The second student immediately begins acting out this verb, while the first student goes to the back of his or her line. The next student in line steps up and asks, “What are you doing?” The active student responds with a new verb, I’m driving my car, and returns to the back of the line. The process continues until all players have had a turn. Actors and audience reverse.
This is a fantastic vocabulary building game! For ELLs- if a student can create an action, but is without the English word for it, the audience may kindly assist! A high five to the audience can signal, “Help me out, here!” Both sides love this!
10. Miming
Give a specific direction. Model miming exact directive.
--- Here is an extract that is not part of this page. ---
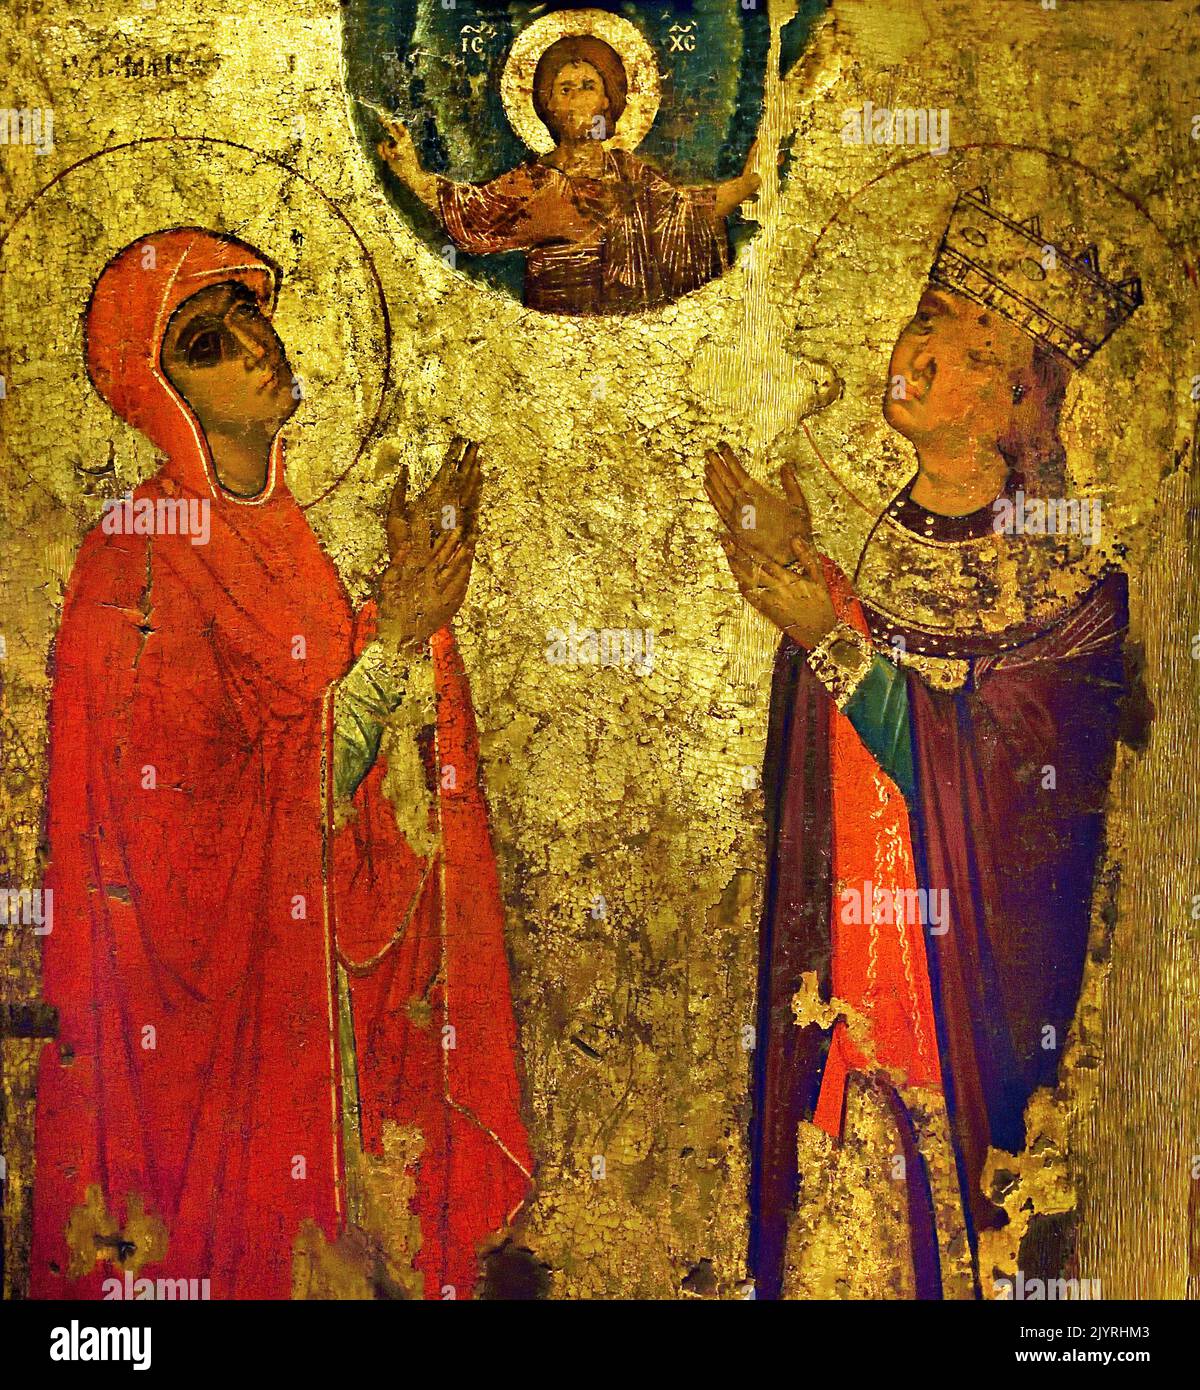 Heilige Marina und Irene 13. Jahrhundert, byzantinisches und christliches Museum in Athen, ( kombiniert Elemente des byzantinischen und westlichen Stils, aus Kastoria. Stockfoto

For example, Sharpen your pencil. Open your book. Think. Have an idea. Feel the window and look out. Invite students to join. Continue, without modeling. This is a great exercise to check for understanding without language restriction. Miming is also effective for story lines and plot directives.
11. Mock Interviews
Author study? Character study? New science material? Covering world topics or key figures in history? Perfect for an interview! Students can conduct this activity in pairs, or as a larger group interviewing a panel of experts. Many learners, especially ELLs, may need specific insight and modeling regarding the interviewer/interviewee relationship. Graphic organizers specific to the topic may also be very useful for recording responses.
12. Scene Improvisations
Students divide into small teams. Each team selects an index card with a scenario or location (at the grocery store; on the bus; at the pool; at a birthday party; at the zoo; learning to ride a bike; losing a tooth). Teams act out the scenario or a short bit that would reveal the location, without actually saying the actual name of the scenario/locale aloud. Observing teams will attempt to guess the index card cue correctly.
13. Emotion Party
Have students pretend they are going to a fancy party. One student, acting as the host, will begin in the stage space alone, waiting for guests to arrive. Another student will knock on the door, and be let in by the host. The guest, without using words, will show an emotion. (Silent emotions may work best in the classroom setting). The host, upon understanding the new emotion, will immediately assume the same energy.
A new guest will arrive, with a new emotion. Everyone at the party will demonstrate this new emotion, and so on, until all guests have arrived. Once everyone has had a turn to enter, each will leave in the order they arrived, with the emotion they came with.
This is a wonderful chance to explore emotions.Beginning learners will demonstrate simple facial expressions, and will match them with baseline vocabulary- happy, sad, mad, or tired.More advanced students will be able to apply other body language and may also be able to reach beyond basic word use, exploring higher level synonyms and altogether new ranges of emotion.